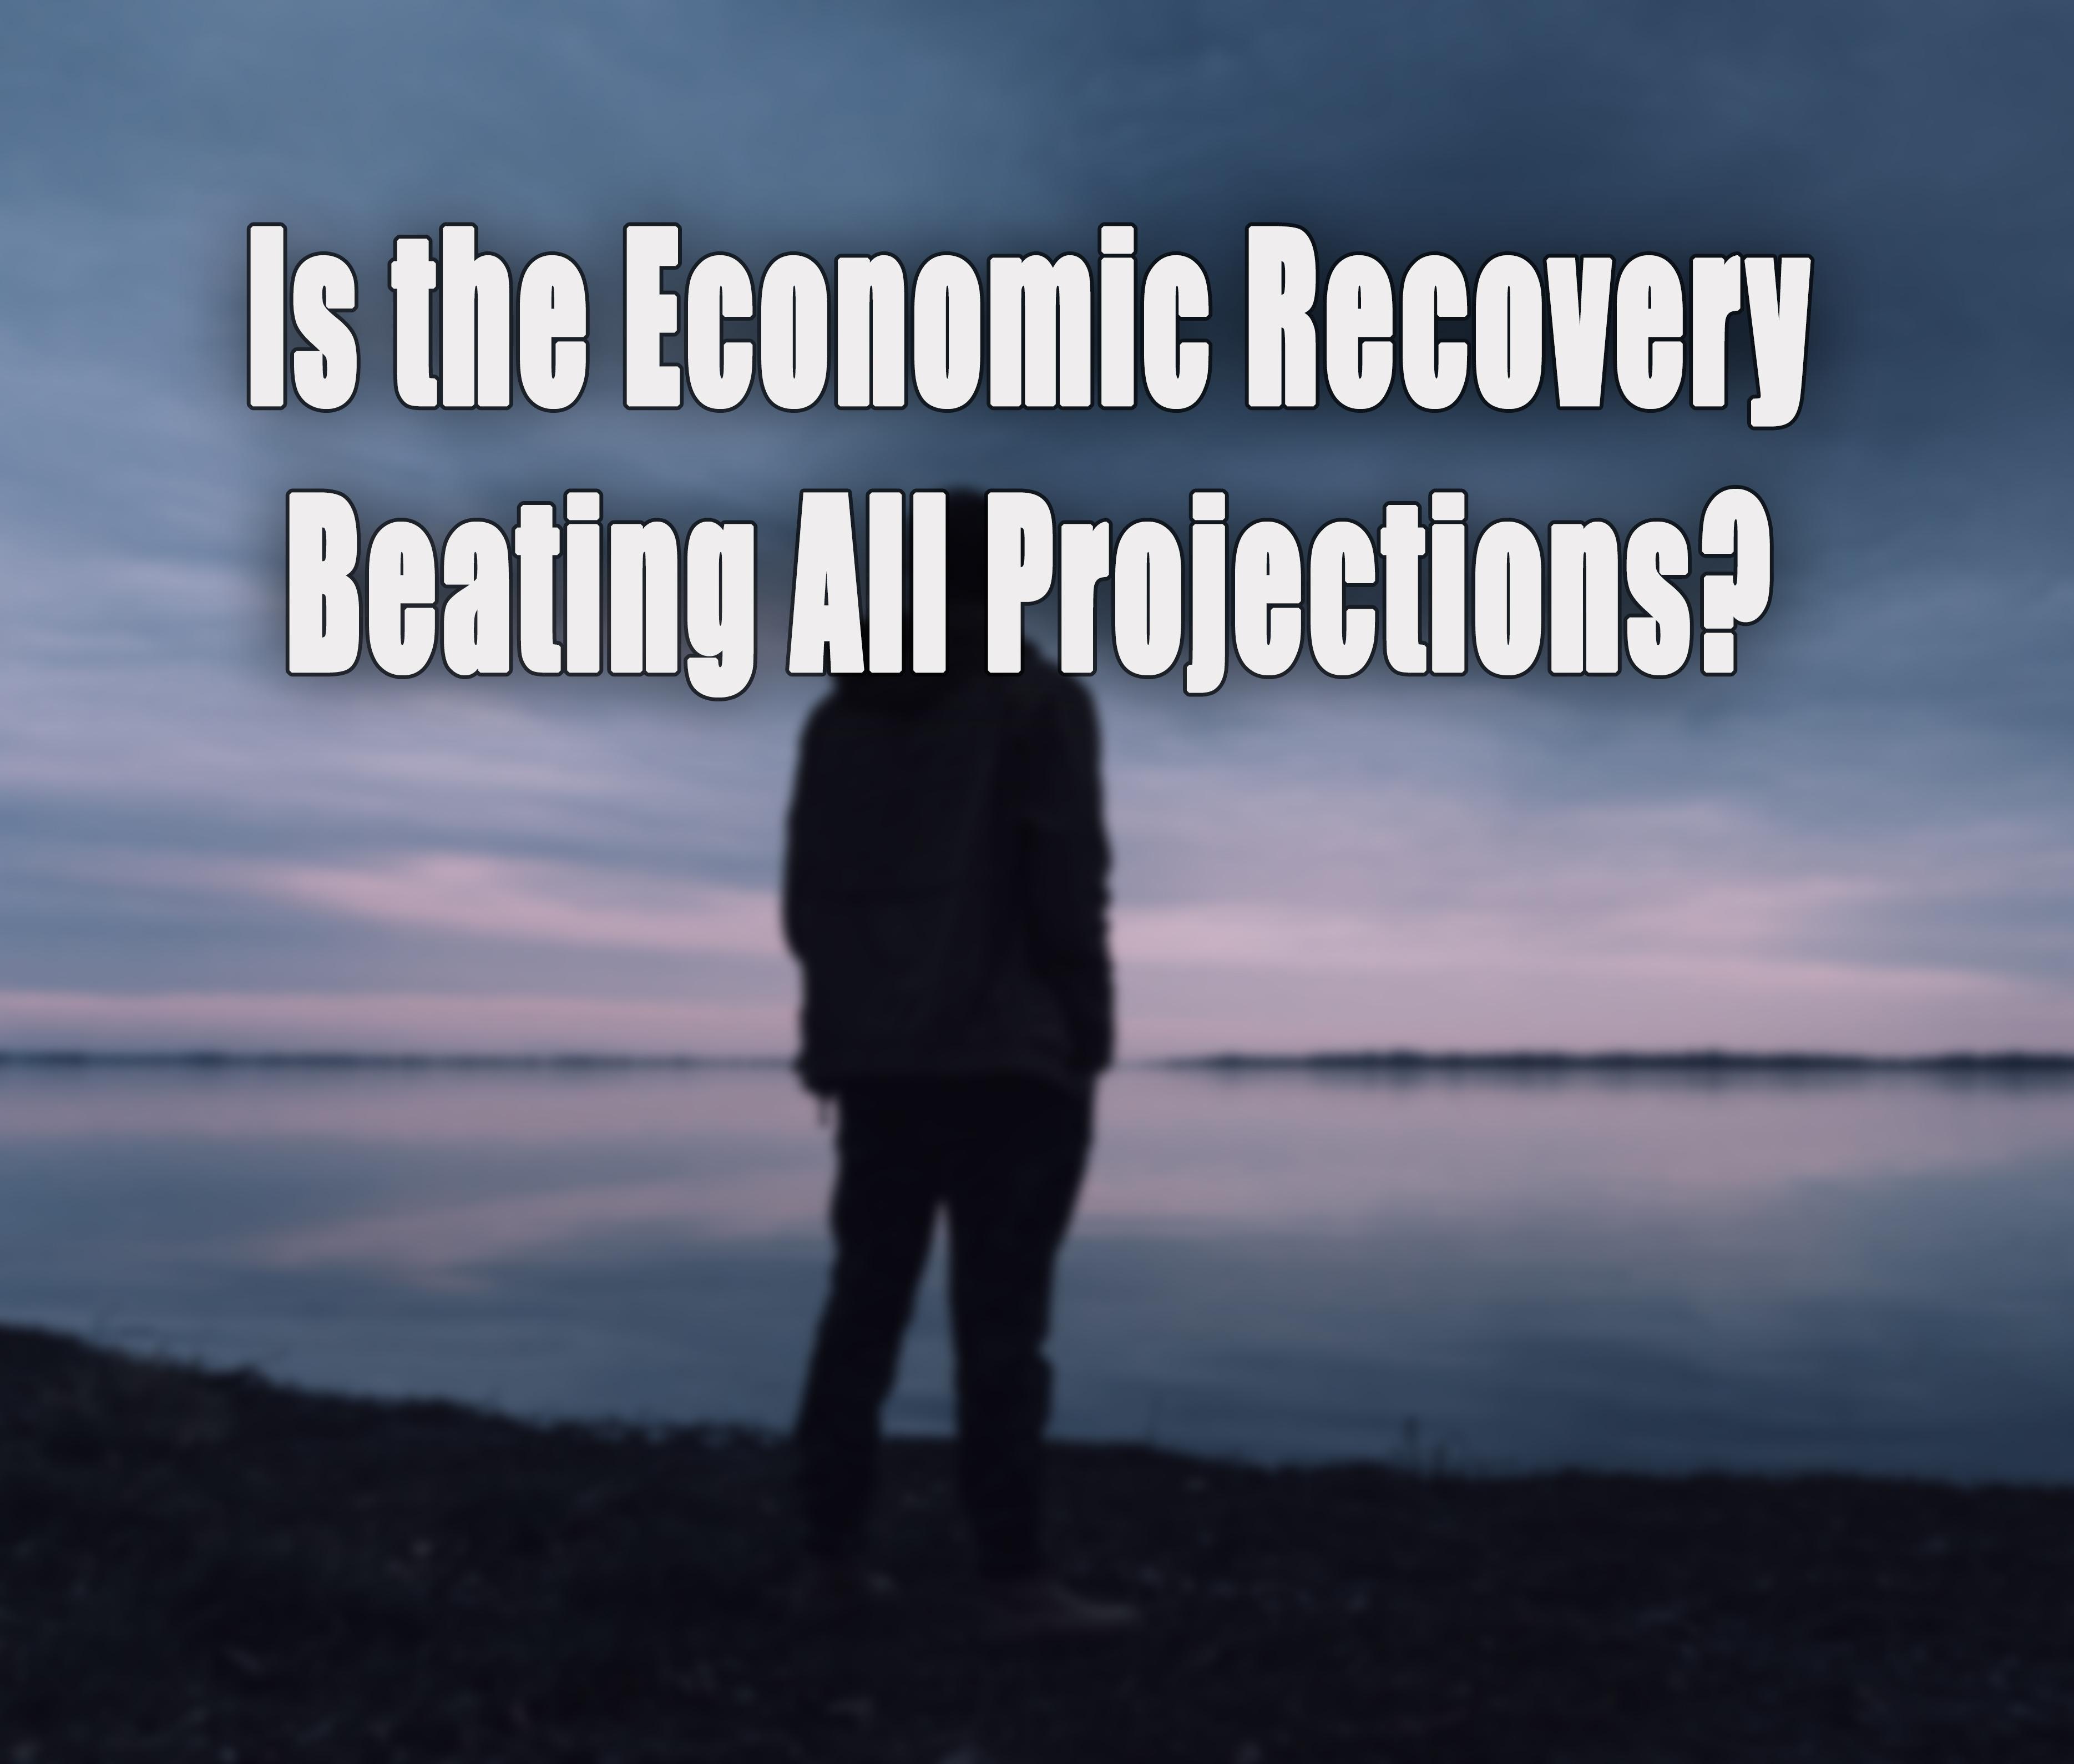 Economic Recovery in Las Vegas.jpg
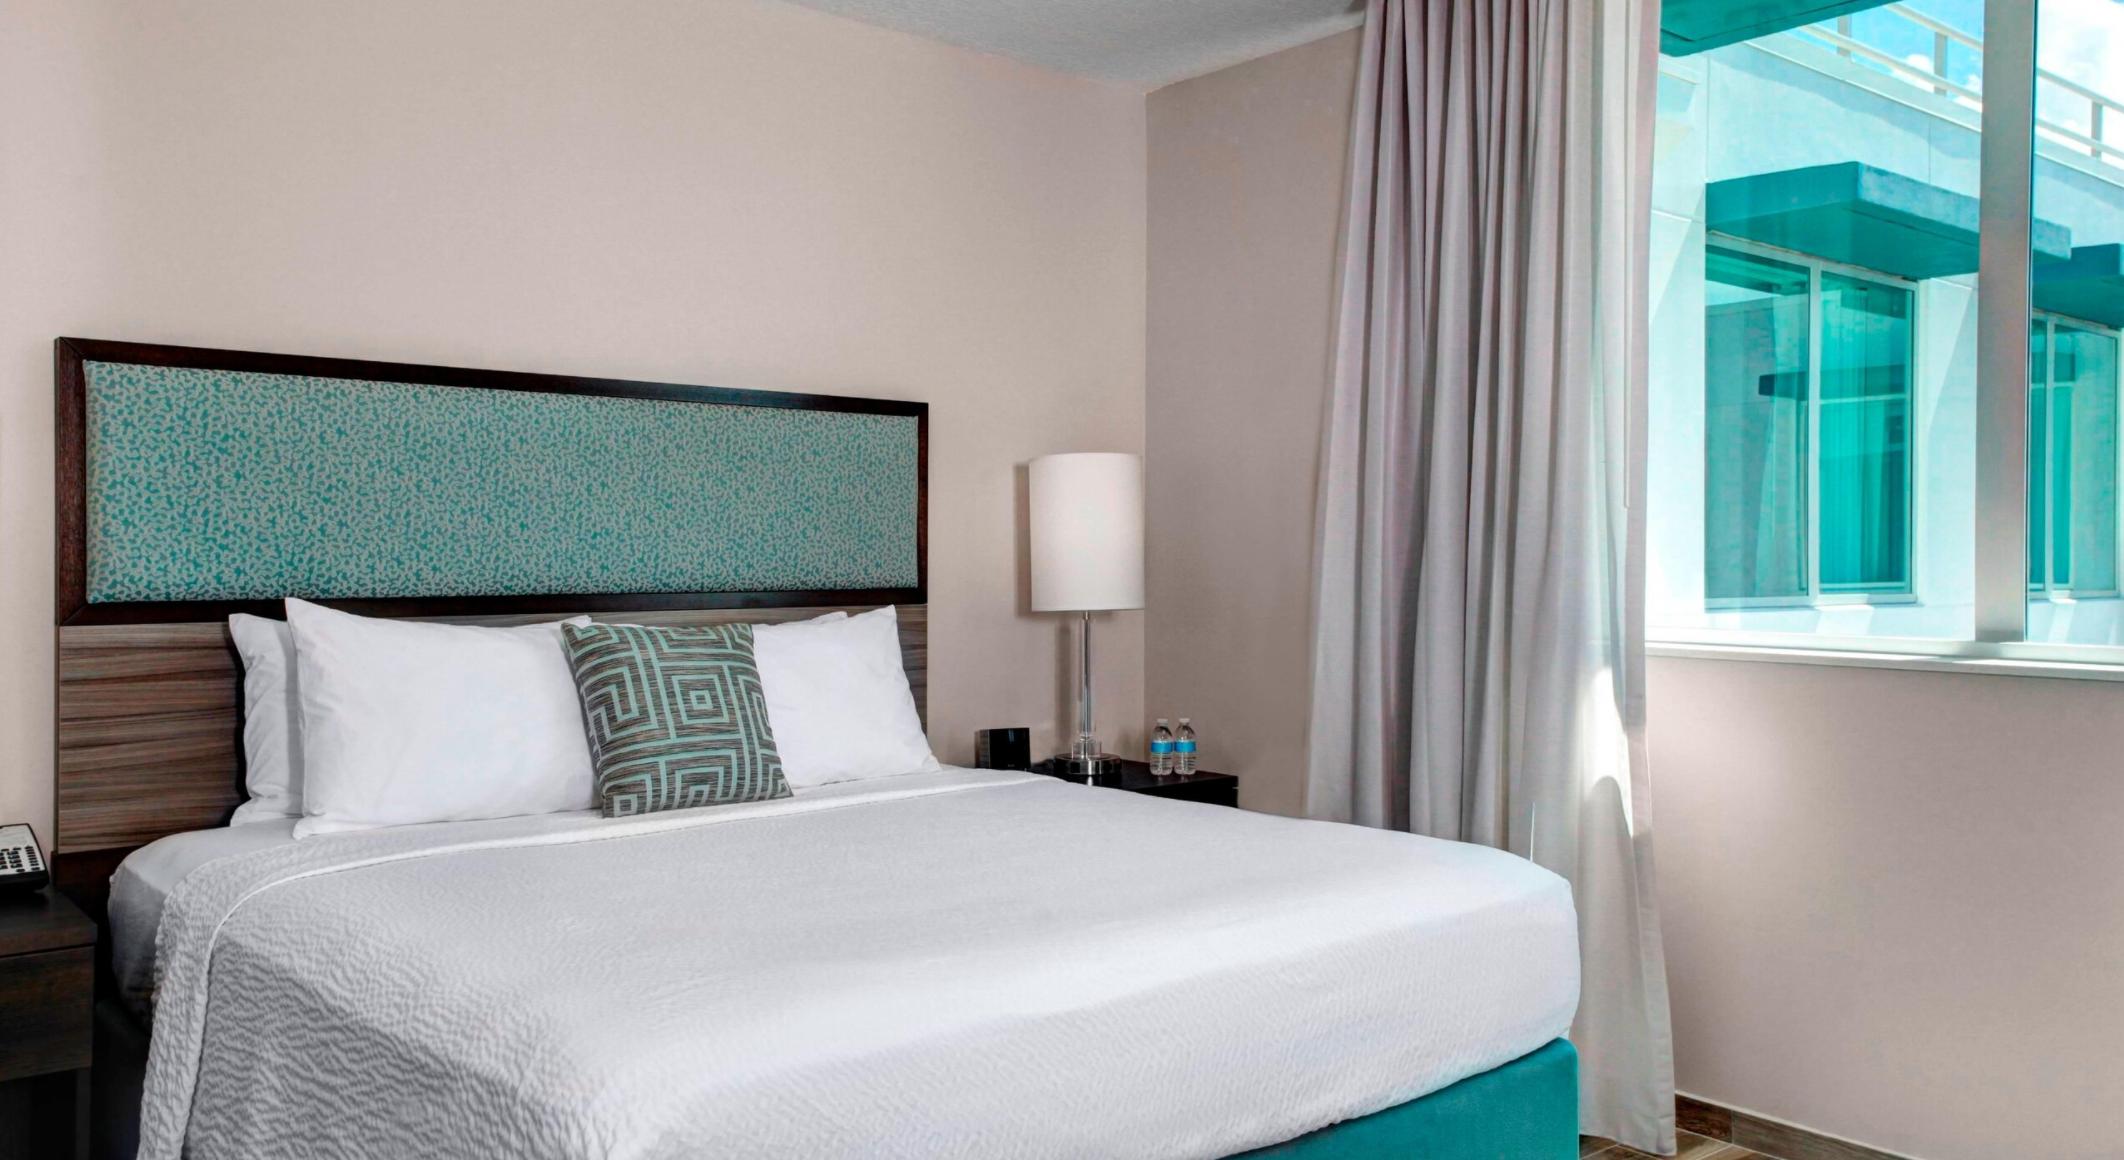 https://www.hotelsbyday.com/_data/default-hotel_image/3/17698/screenshot-2020-06-08-at-4-34-31-pm.png
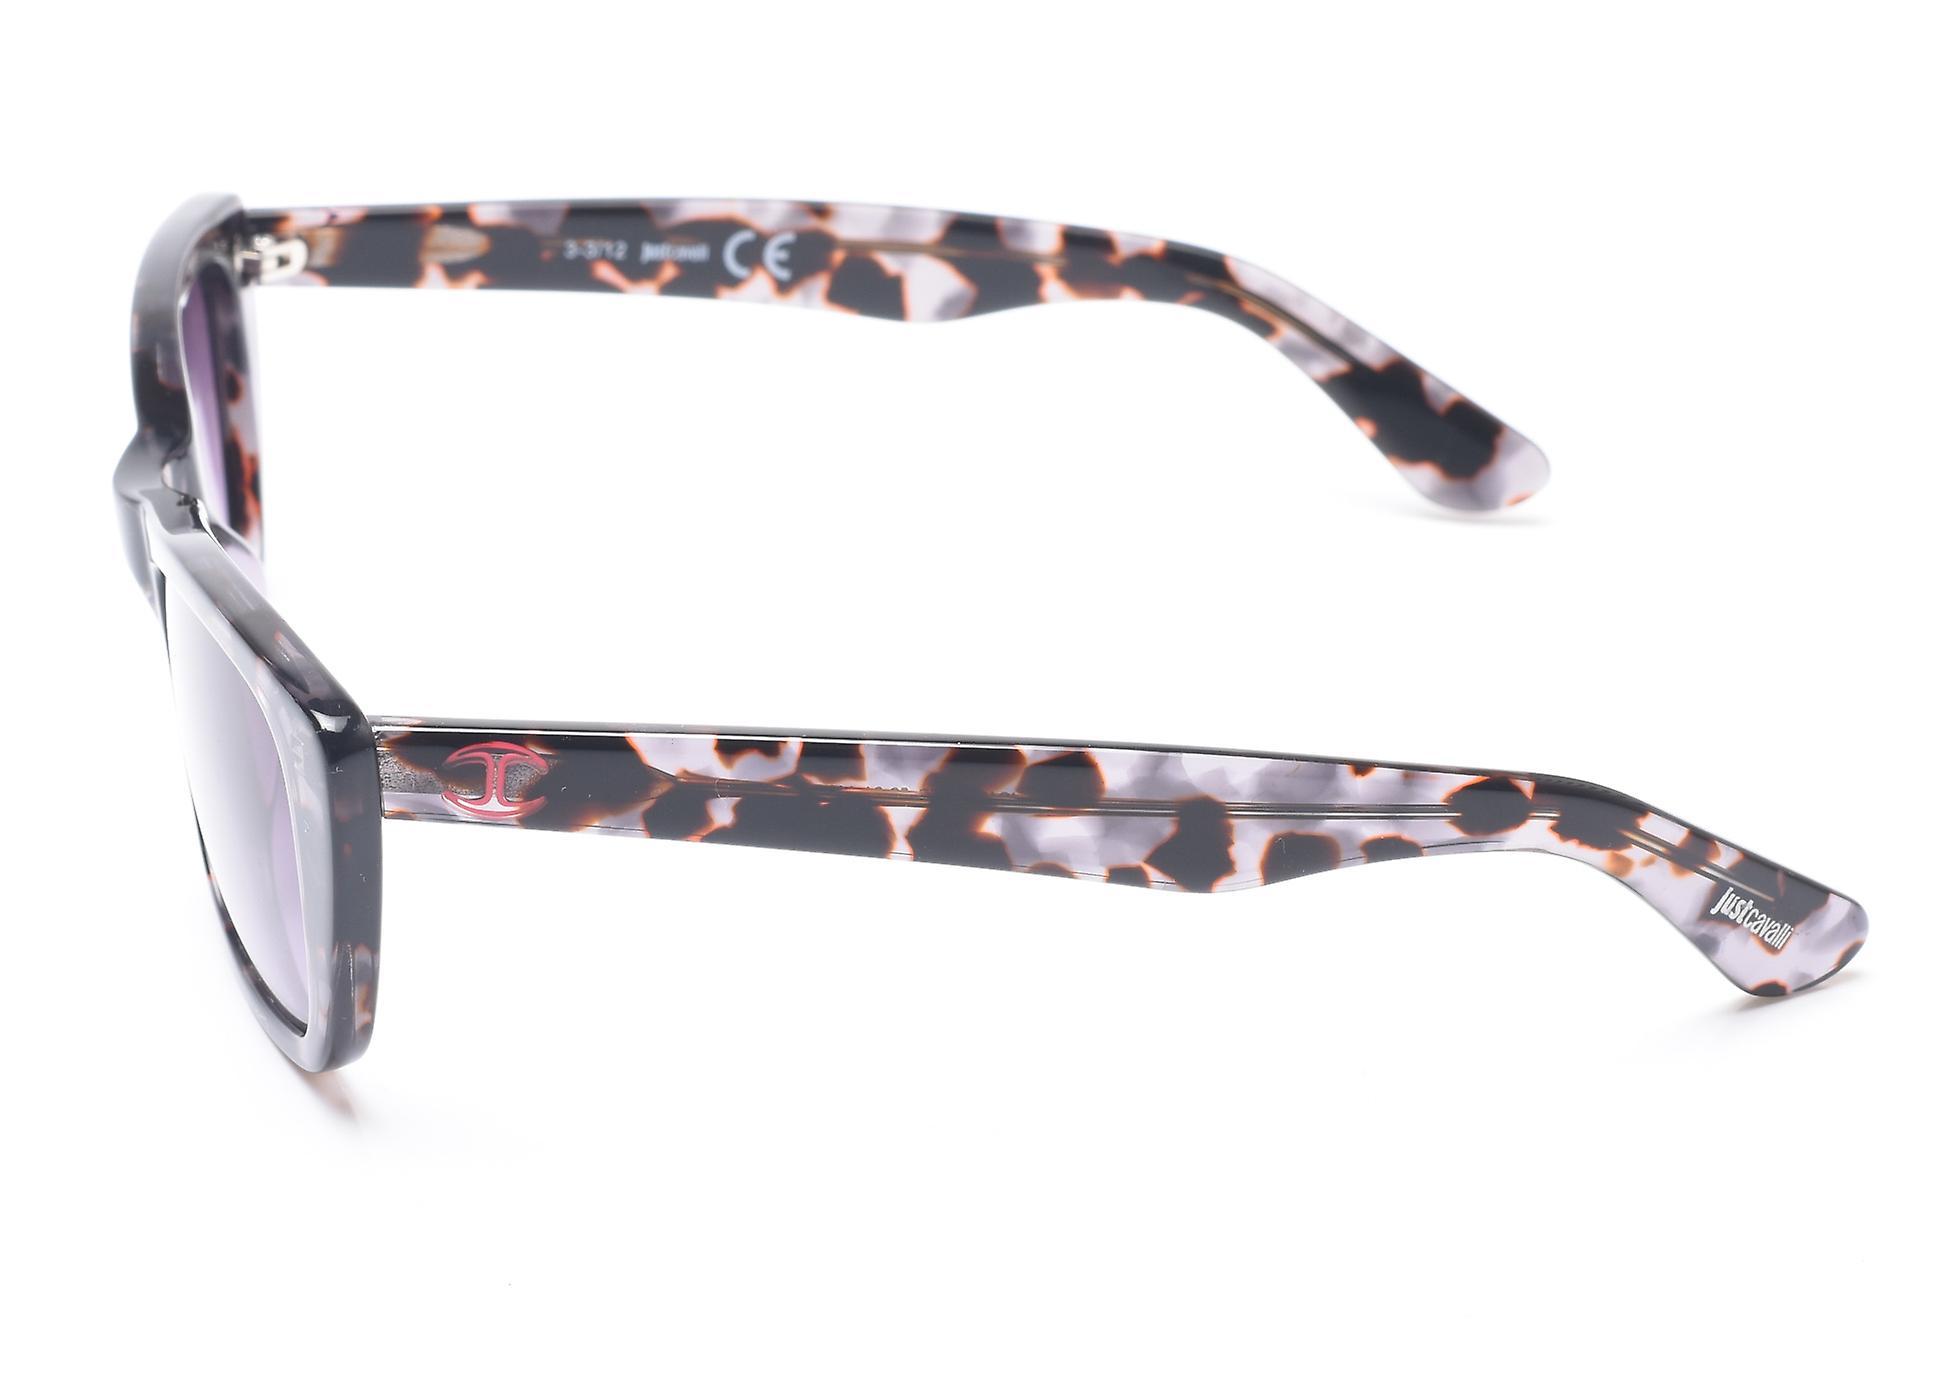 Just Cavalli Women's Classy Rectangular Frame Sunglasses Brown

TRY IT
Return the full material word for word. Do not include the pictures.

REPLY TO THE TASK
 Economic Recovery in Las Vegas.jpg
 https://www.hotelsbyday.com/_data/default-hotel_image/3/17698/screenshot-2020-06-08-at-4-34-31-pm.png
 Just Cavalli Women's Classy Rectangular Frame Sunglasses Brown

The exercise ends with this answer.